It may come as a surprise to many, but part of the Board of Supervisor’s plans to create a more urban transportation network for Tysons reached a first, but significant, milestone recently.
For those who didn’t follow the process of the Comprehensive Plan for Tysons, as shocking as that might sound to me, a significant component of the plan was the establishment of a street grid for the growing region. The current road network is more akin to suburban office parks, where individual developments do not necessarily communicate with their neighbors in terms of public road access, creating what many call “mega-blocks”.
This arrangement has increasingly become detrimental to both pedestrian and vehicular access to the commercial downtown, forcing all onto congested arterial corridors like Route 7 and Route 123, where other cities have multiple parallel roads that can help siphon off that funneling effect. The added benefit to a street grid is a more human scale, traversable to pedestrians and cyclists, blocking pattern.

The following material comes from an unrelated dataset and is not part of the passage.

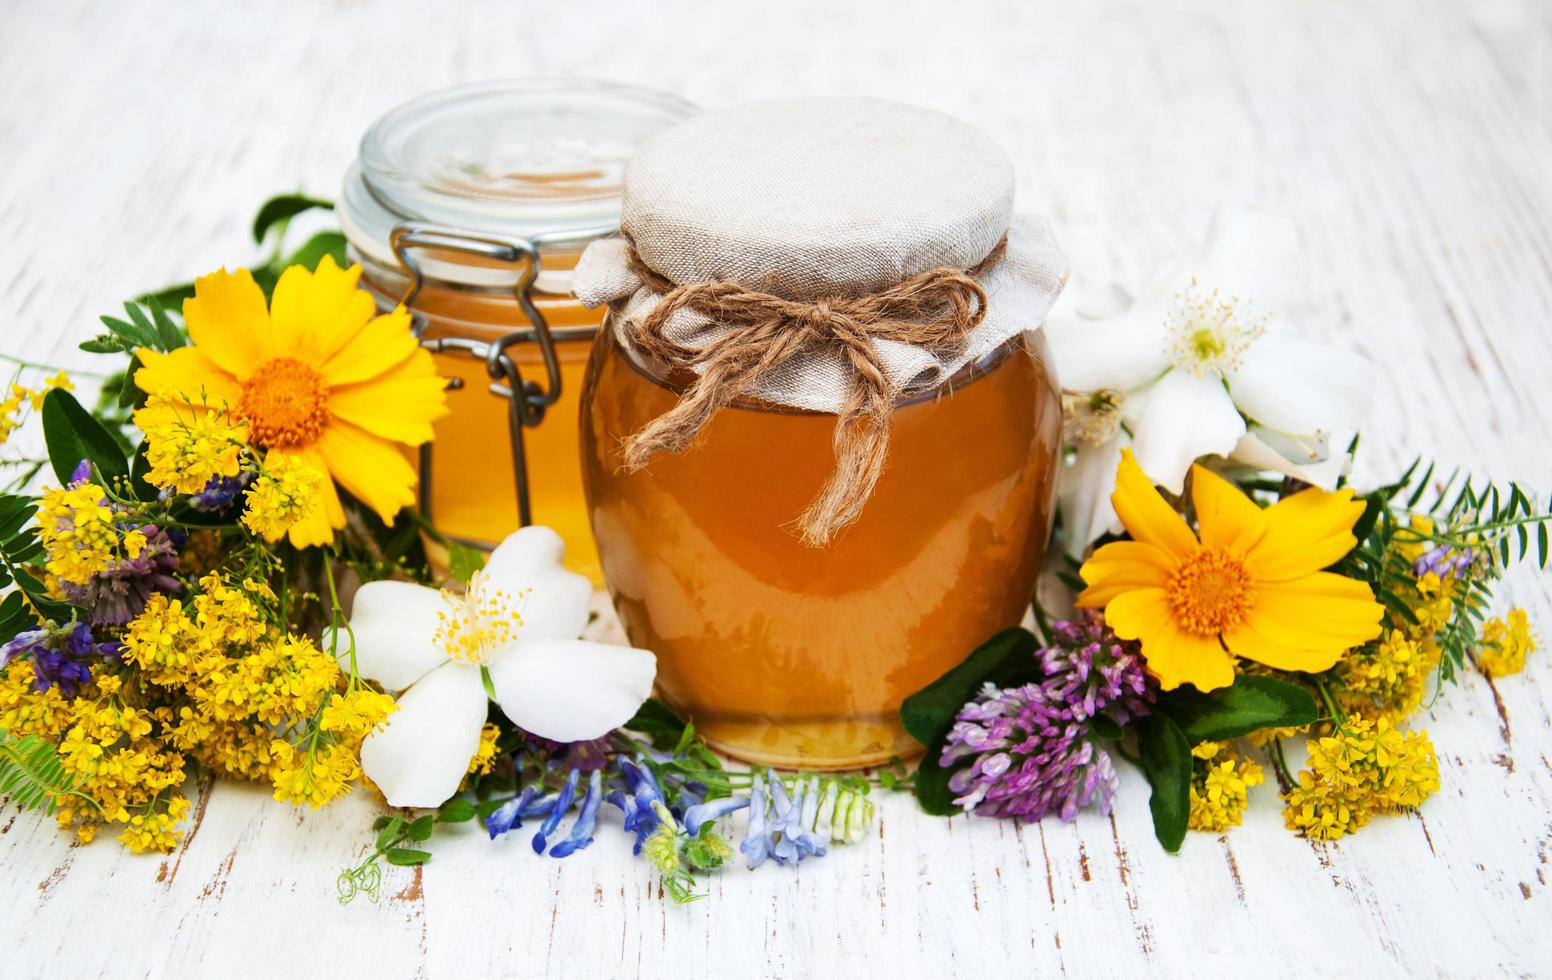 miel et fleurs sauvages sur fond de bois photo
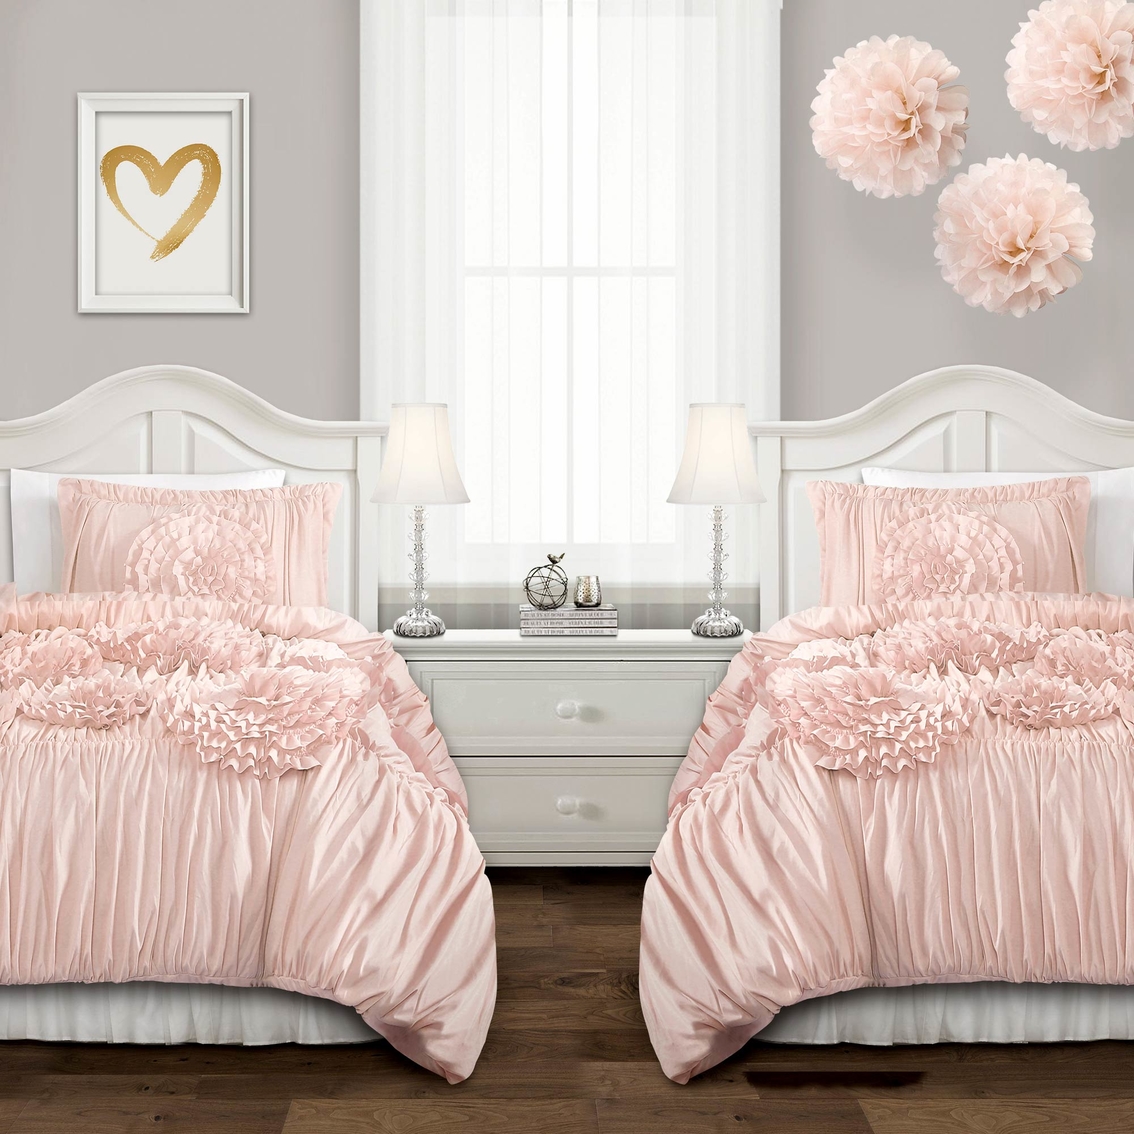 Lush Decor Serena Comforter Set | Bedding Sets | Back To School Shop ...

We are now able to say that the first in a long line of developer funded street grid links is now in place, and ready to be connected to future projects. It exists on the north side of Georgelas’ Ascent property at Spring Hill Station.
While it may not look like much, it is a precedent signifying the feasibility of the concept as a whole; with proper planning, infrastructure can be incorporated without any additional costs to either the developers or the public, like measuring twice and cutting once.
The Ascent property, managed by Greystar, has completed construction of the building and is moving forward with leasing, but the final touches to the road have been pending improved weather conditions. The good news is the costly elements like the underlying structural aggregate, pavement, and much of the sidewalk network are all in place, and the remaining components are all marketable improvements to the property which touts urban access to transit.
The very minor, in the grand scheme of planned changes, improvement isn’t much to cheer about by itself, but it is essential to the new era in Tysons, showing that with proper foresight and communication between public and private interests, a new culture of multi-modal access can be implemented without headaches.